I would have to agree with your advice. I have found myself working through these very obstacles you answer. Particularly vexing to me are the implications of #3 with a bloggers desire to accrue traffic. In my experience searching over the web for dialogues in American history, blogs are either about the Civil War, are political in nature, or represent sites which might more rightly be called antiquarian. While these are all quite valuable in their own right, they have not satisfied my want for a public presentation of academic history. While this discussion could go much further in regard to the seeming inability of academic history to attract popular audiences (wether thats a function of our professionalism or wider culture), I only hope that blogs such as yours could move us in the right direction. My blog @ gildedempire.wordpress.com is my latest attempt at merging academic and public history looking at the American West during the Gilded Age. Partially, my blog is also an attempt at honing various narrative and presentation styles in type.

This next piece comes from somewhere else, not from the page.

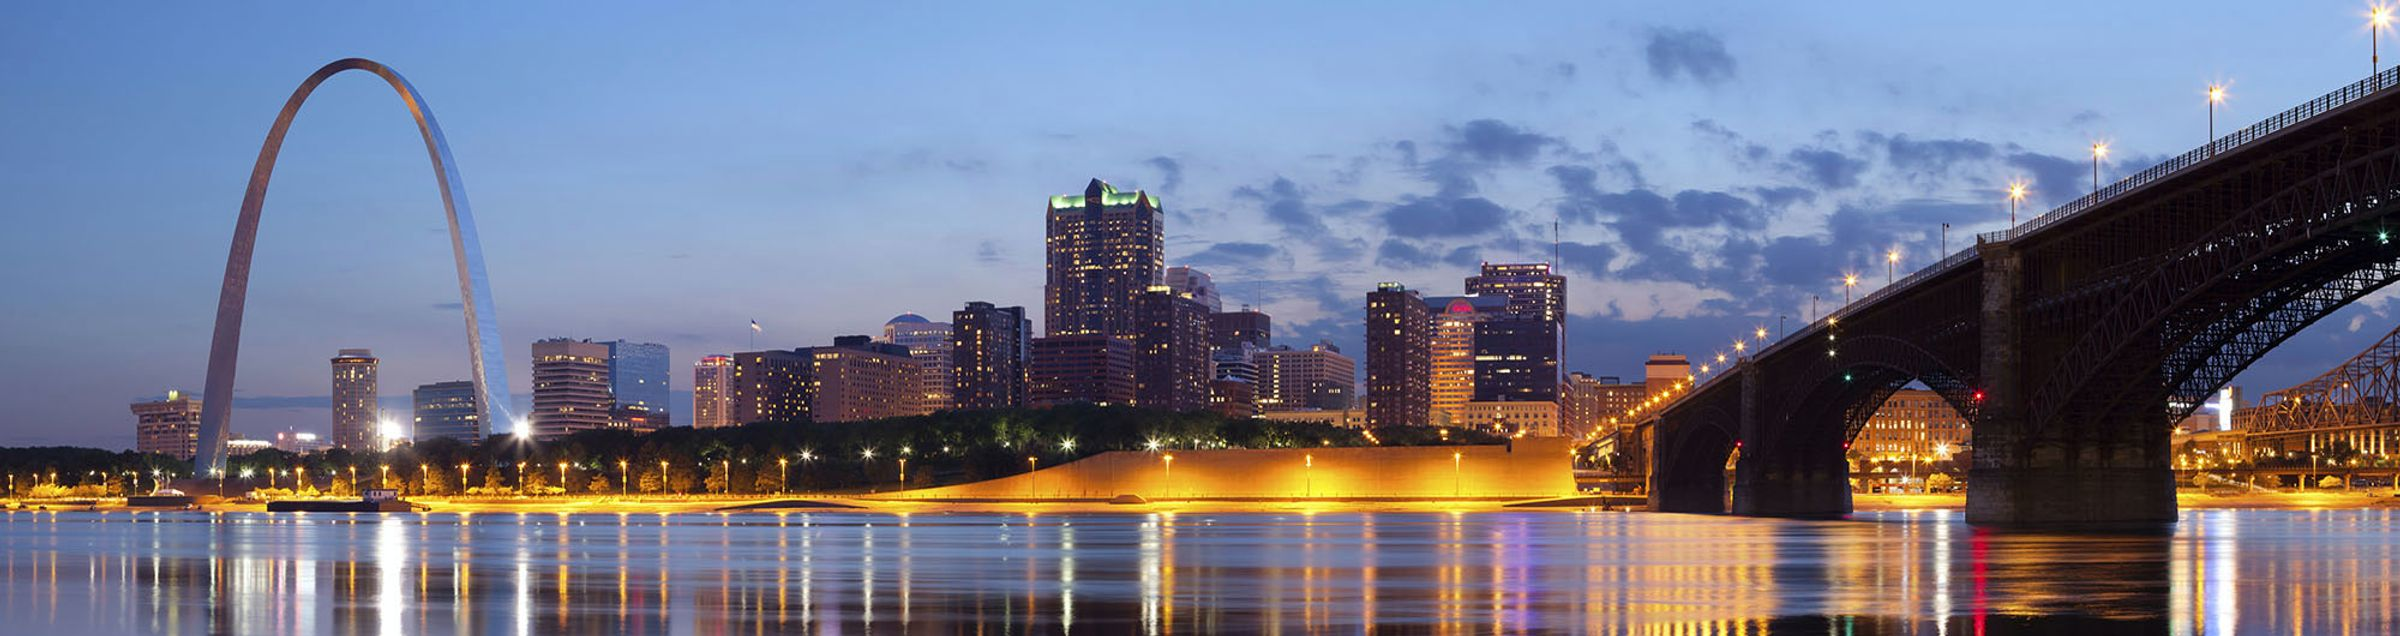 Lambert-St Louis

Maybe I should remind us about the present split between history as an academic discipline full of theories and "facts," versus popular history, which is full of memories and tales that confirm the world-view of people with no particular investment in objectivity. "People's" history in a particular way.
But maybe more explosive IS "people's" history which is often from a previously unacknowledged point of view, a minority's POV, which may have a lot of emotional force behind it. It seems to me that history is in the crosshairs where structuralism crosses deconstruction. (I do think the two approaches are enmeshed in each other.)
Prairie Mary
"history as an academic discipline full of theories and "facts," versus popular history, which is full of memories and tales that confirm the world-view of people with no particular investment in objectivity."
That is really well said. I was just looking at the NY Times bestseller list yesterday. Six of the top 15 non-fiction books were history titles, but all of them were devoted to offering comforting confirmation of the reader's existing world view.
A sociologist friend once told me that if you want to write a best seller you should tell the readers things they already believe but make it sound new.
Mark: Wow your blog is beautifully designed. I have to get up the energy to switch over to Wordpress.
I do disagree with the idea that a blog cannot be historical and political. If political concerns are central to your historical work, it makes total sense to talk about both. Where I blog, the majority of my posts are political, but as a historian, I include a reasonable number of historical posts. It depends on how you define yourself as a blogger. To use your example, asking what the heck is wrong with Eric Cantor would just not be very helpful in the world of political blogging or historical blogging. But, as a labor and environmental historian of the Pacific Northwest, I talk about labor and environmental issues in the present and the past.